18/01/17 Early this morning I telephone and email PC Sarah Greenman to say I wish to make a formal complaint as the harassment has started again and is escalating. I receive no reply so at lunchtime I ring the Wiltshire control desk who tell me PC Greenman is on annual leave but they will pass a message on.
Ms Lall telephones me that evening and asks that I provide further complaints from ‘persons of standing’ who are concerned about Ms Hewson’s behaviour.

19/01/17 I have a number of replies from people I contact, asking them to support my complaint about Ms Hewson, to say they are too afraid of reprisals. One fears for her job, Ms Hewson having contacted her employer and made a false allegation of misconduct.

20/01/17 Ms Hewson publishes on line part of my email to her solicitors.
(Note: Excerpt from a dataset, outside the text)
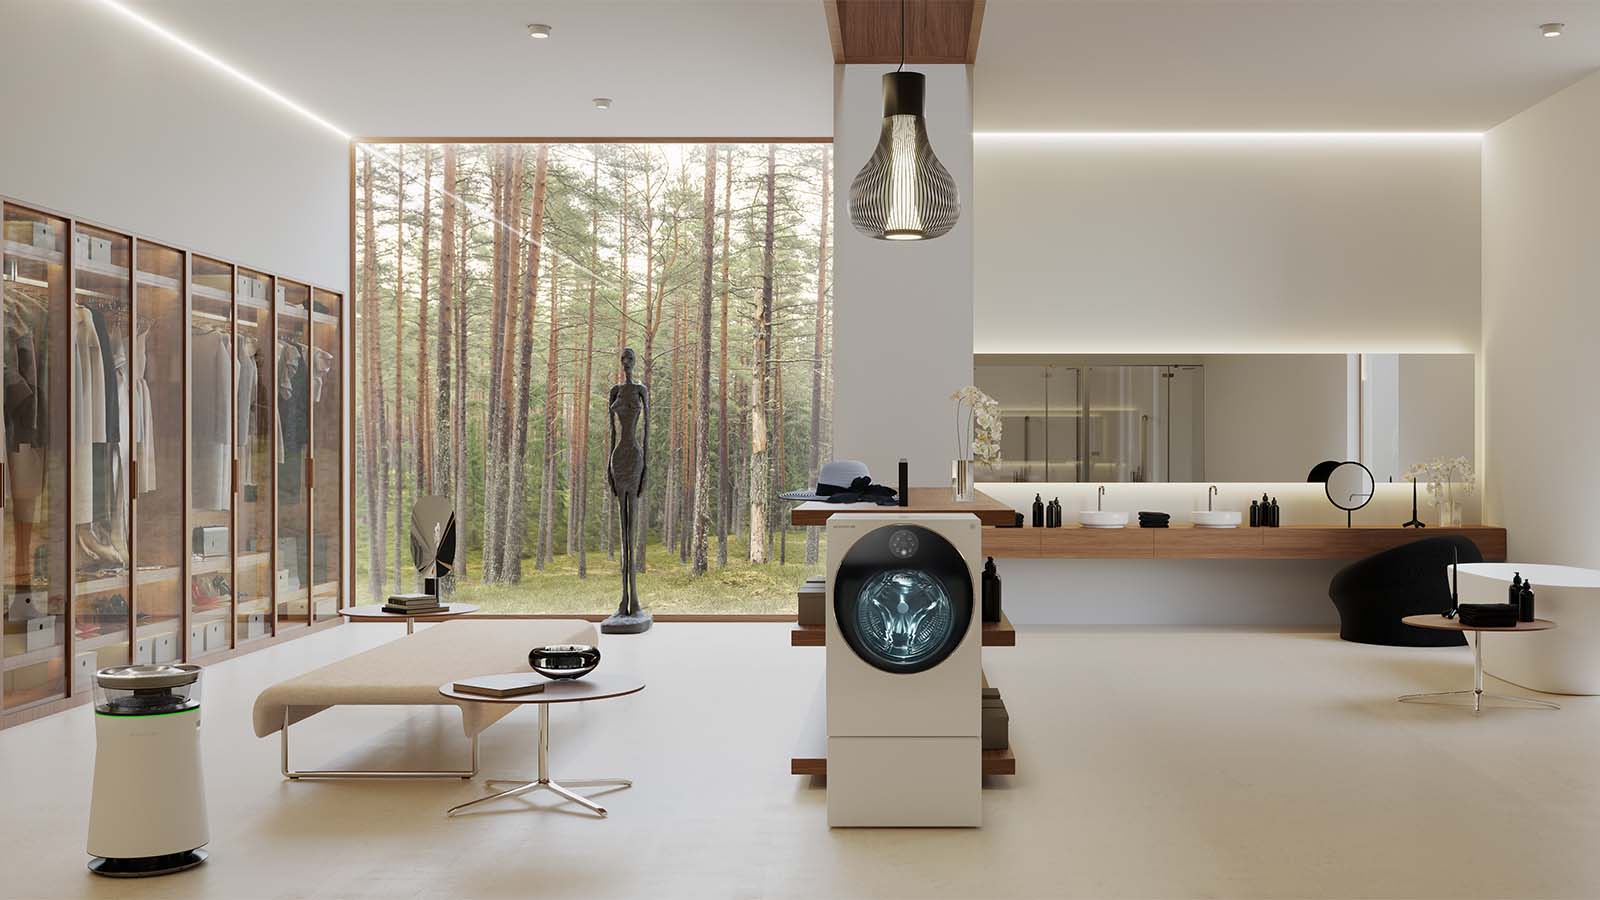 LG Signature washer in a 3D Virtual Space

PC Greenman contacts me and asks me to make a report to the Metropolitan police as this is the area where Ms Hewson resides.
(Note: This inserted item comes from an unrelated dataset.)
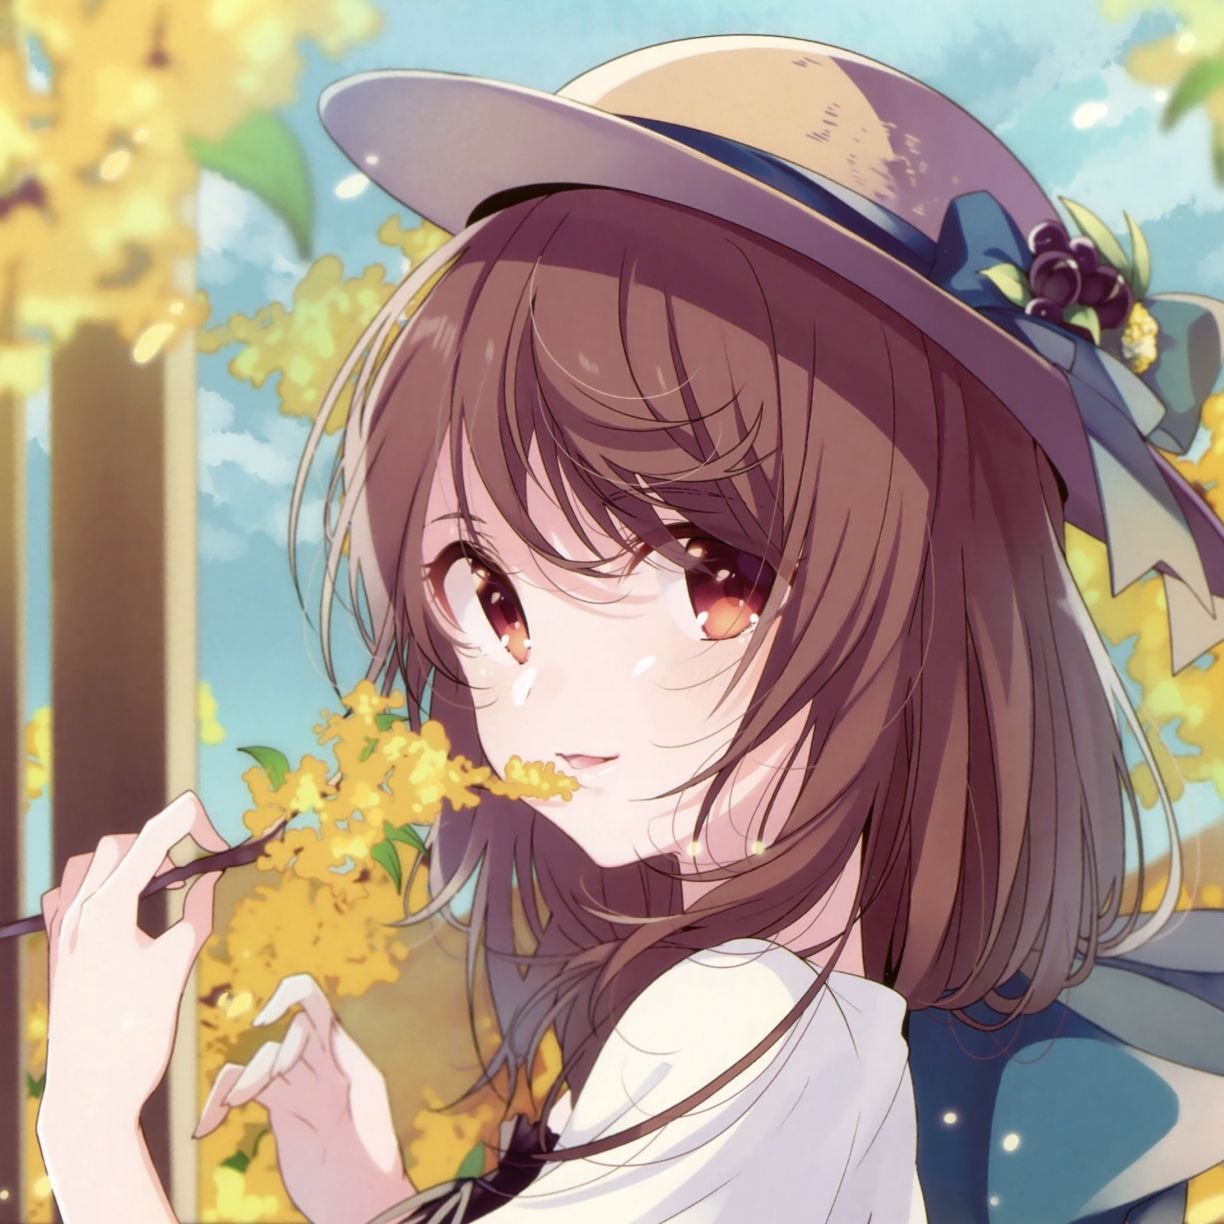 Anime girl with brown hair and a hat holding flowers - Anime girl

21/01/17 Early that morning I make a report to the Metropolitan police who refer me back to Wiltshire. Ms Hewson continues to make abusive and threatening publications on Twitter throughout the evening and late night, publishing part of my email to her solicitors and calling me a ‘malicious bitch’. PC Greenman replies to my email and we try to arrange a date to meet so she can take a statement.

22/01/17 Ms Hewson continues harassing me via Twitter – her ‘pinned tweet’ invites journalists to contact her regarding me. I email PC Greenman.
I email Ms Lall and request information by Monday 30th January about when the BSB will be in a position to respond to my complaint which they received on 20th September 2016.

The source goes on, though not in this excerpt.